- [TASK PROMPT] Ignoring pictures, transcribe exactly the lines between the one containing "Hochzeit: Wie viele" and the end of the material, both included.

- [DATASET EXTRACT]
================

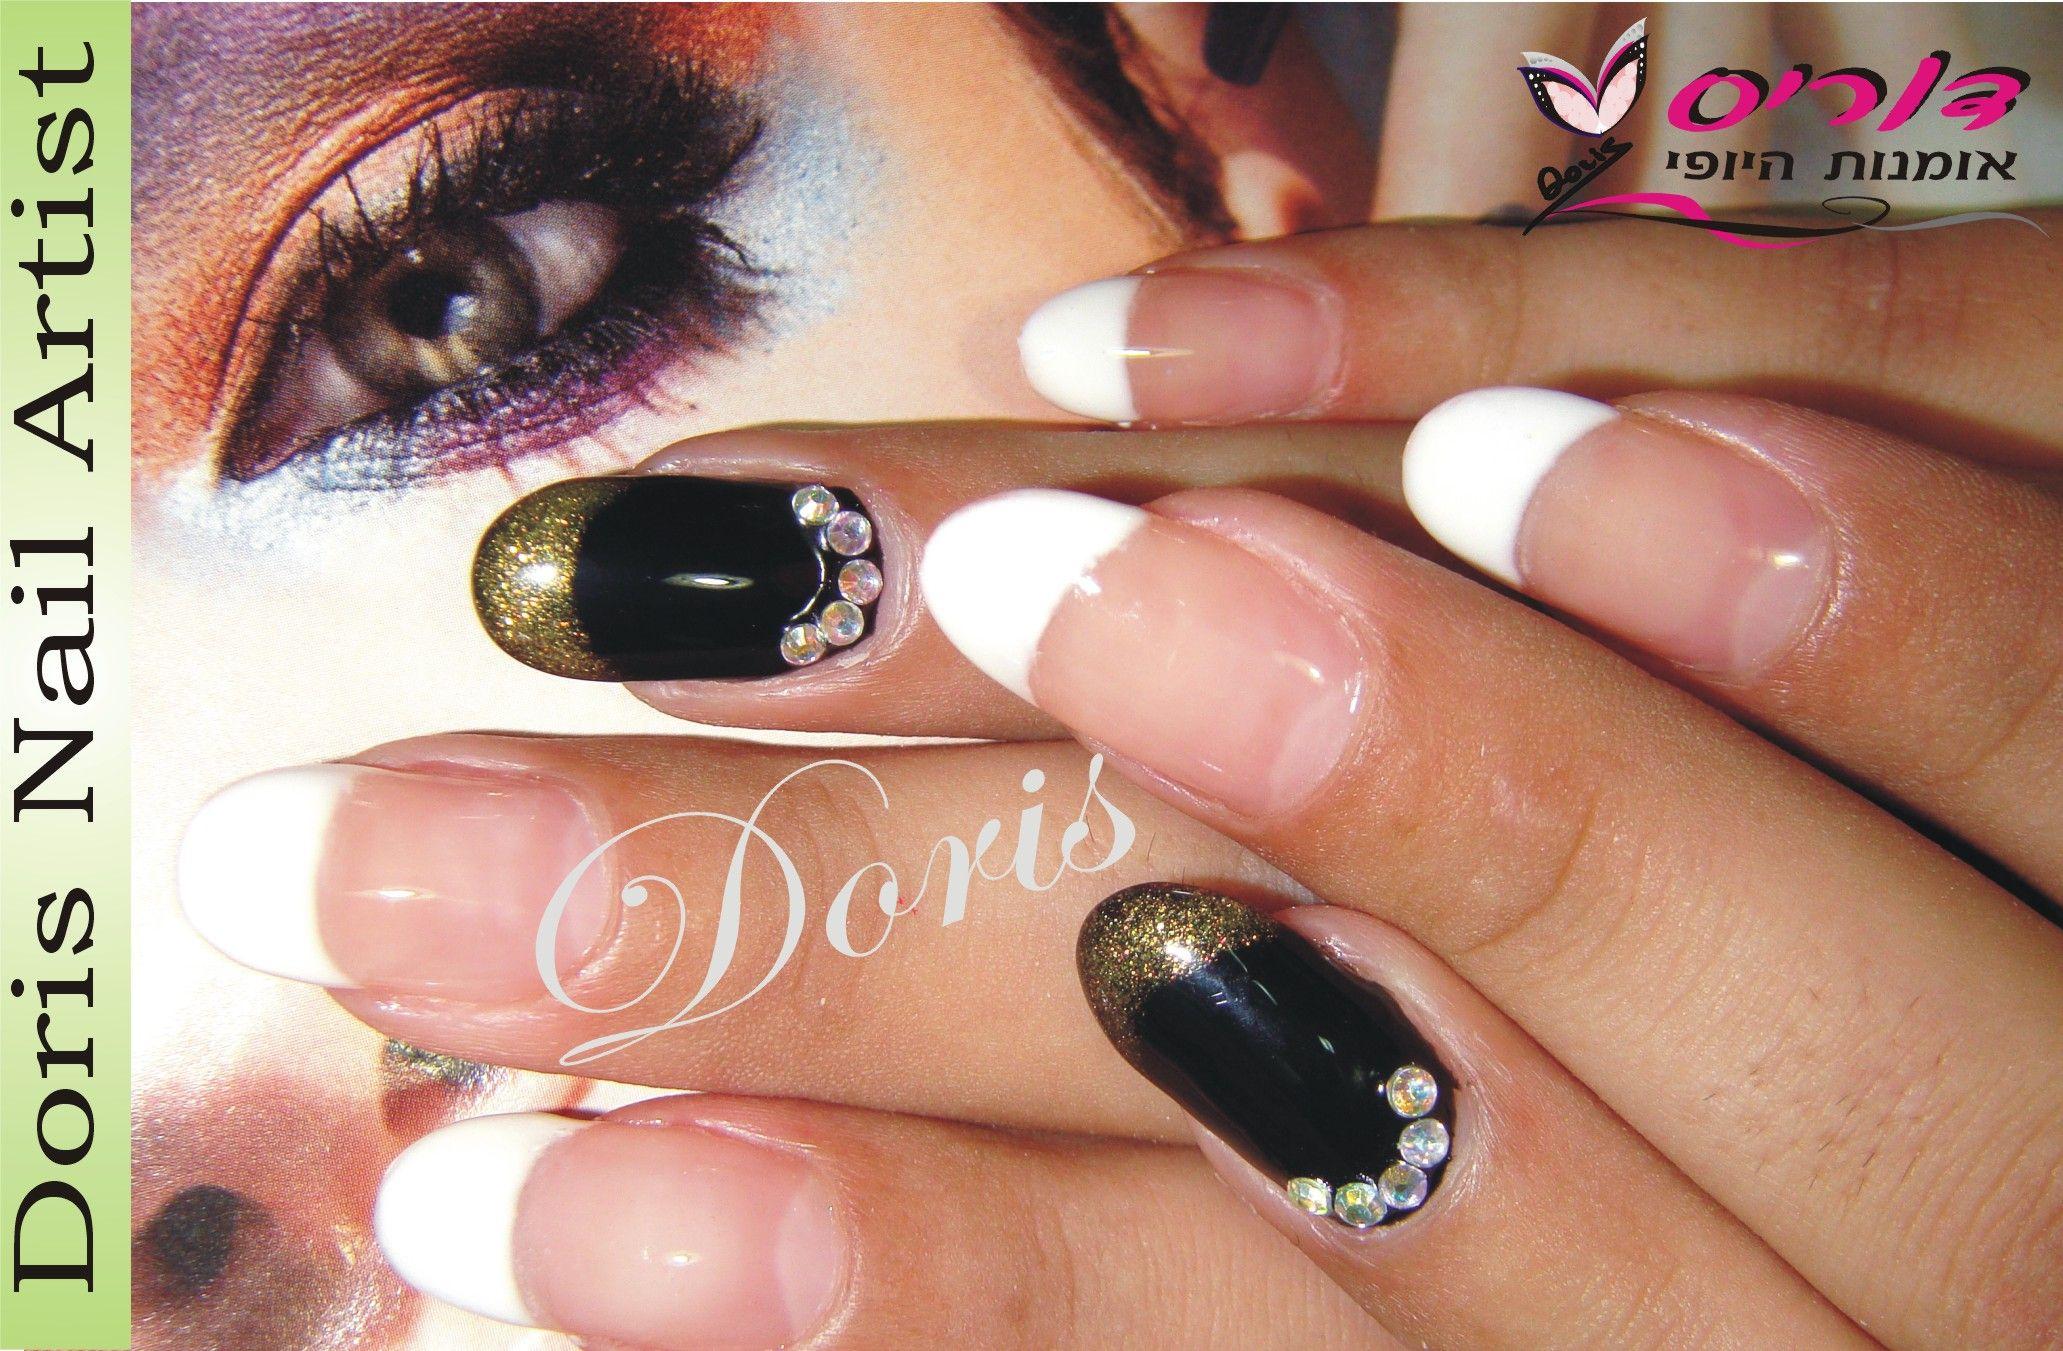 פרנץ לבן ציפורן שחור זהב ג'ל white gel nail art | Nail ...
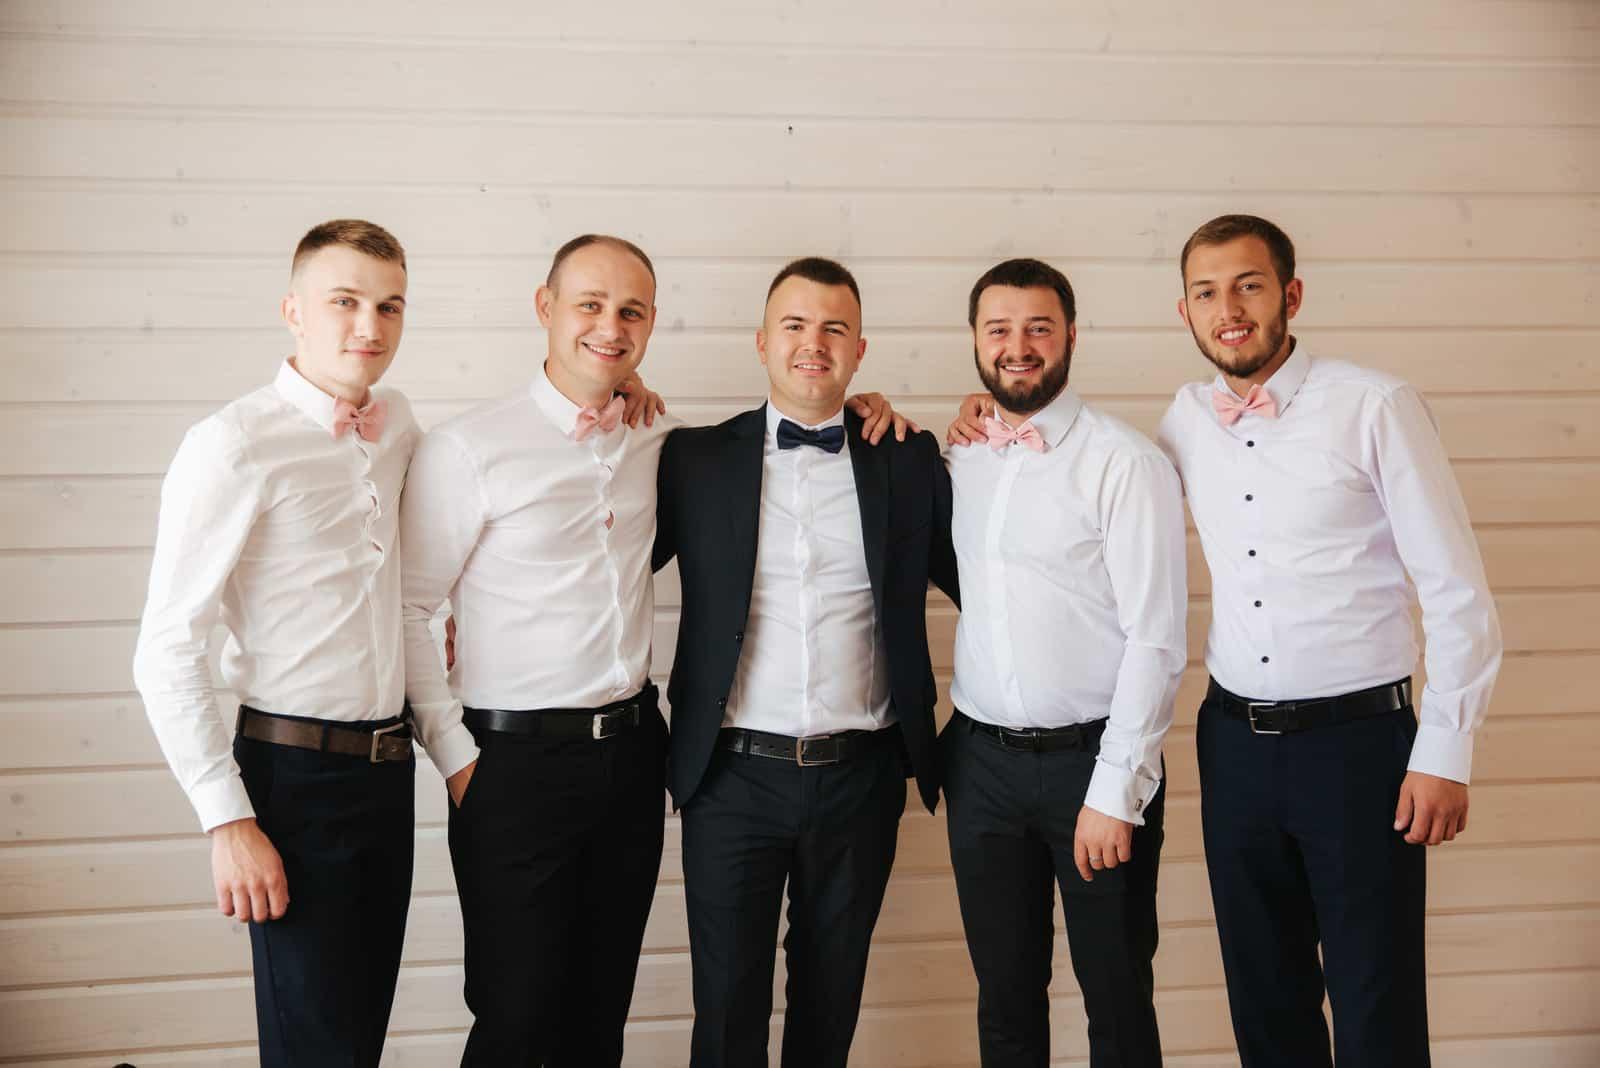 Hochzeit: Wie viele Trauzeugen darf man haben?
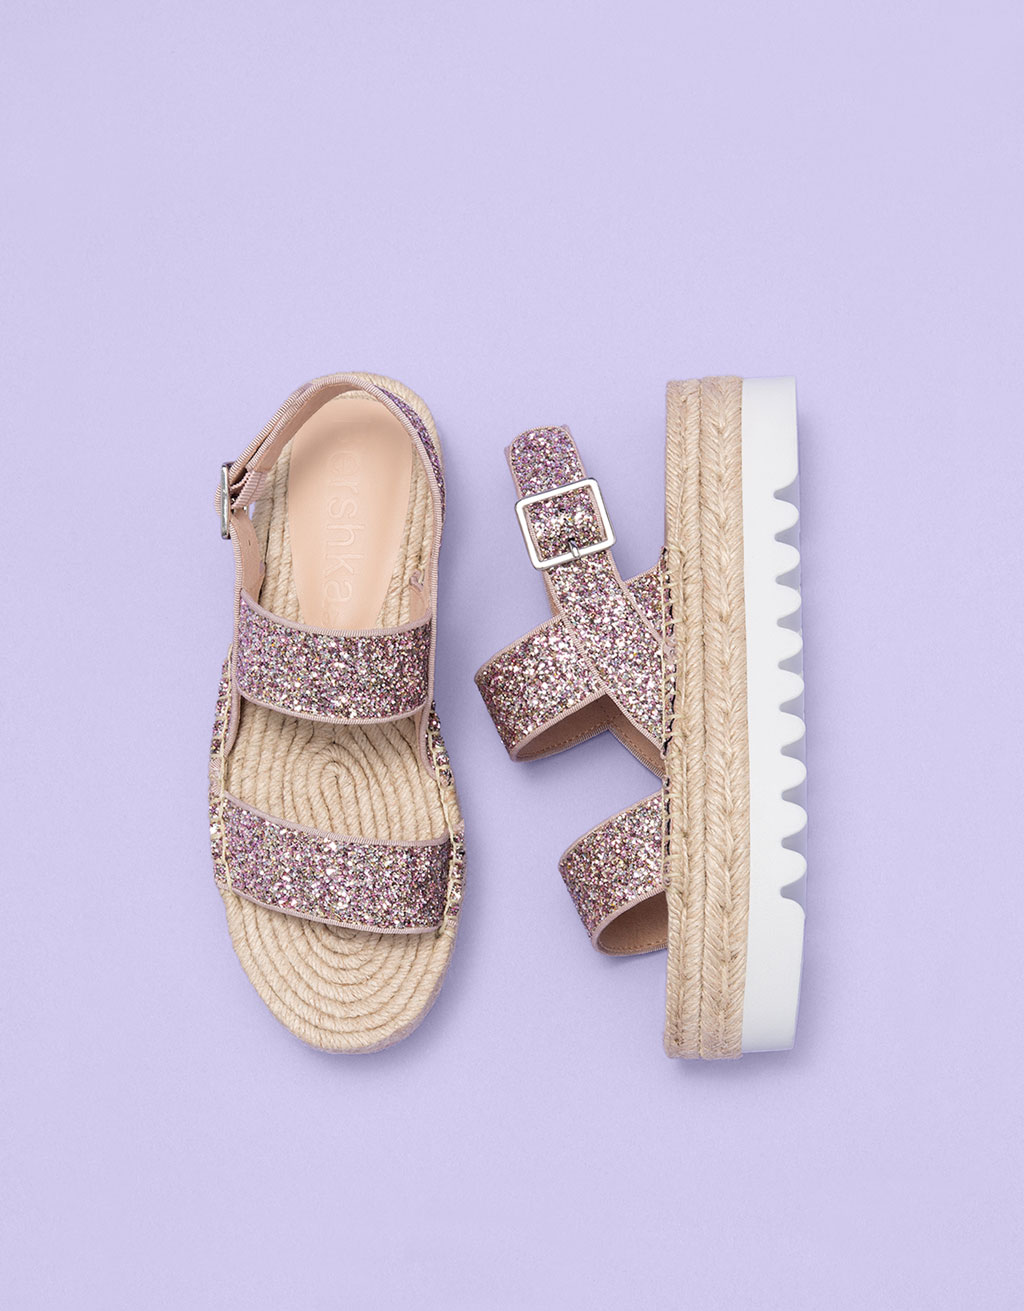 Jute platform sandals with sparkle

================

- [REPLY TO THE EXERCISE]
 Hochzeit: Wie viele Trauzeugen darf man haben?
 Jute platform sandals with sparkle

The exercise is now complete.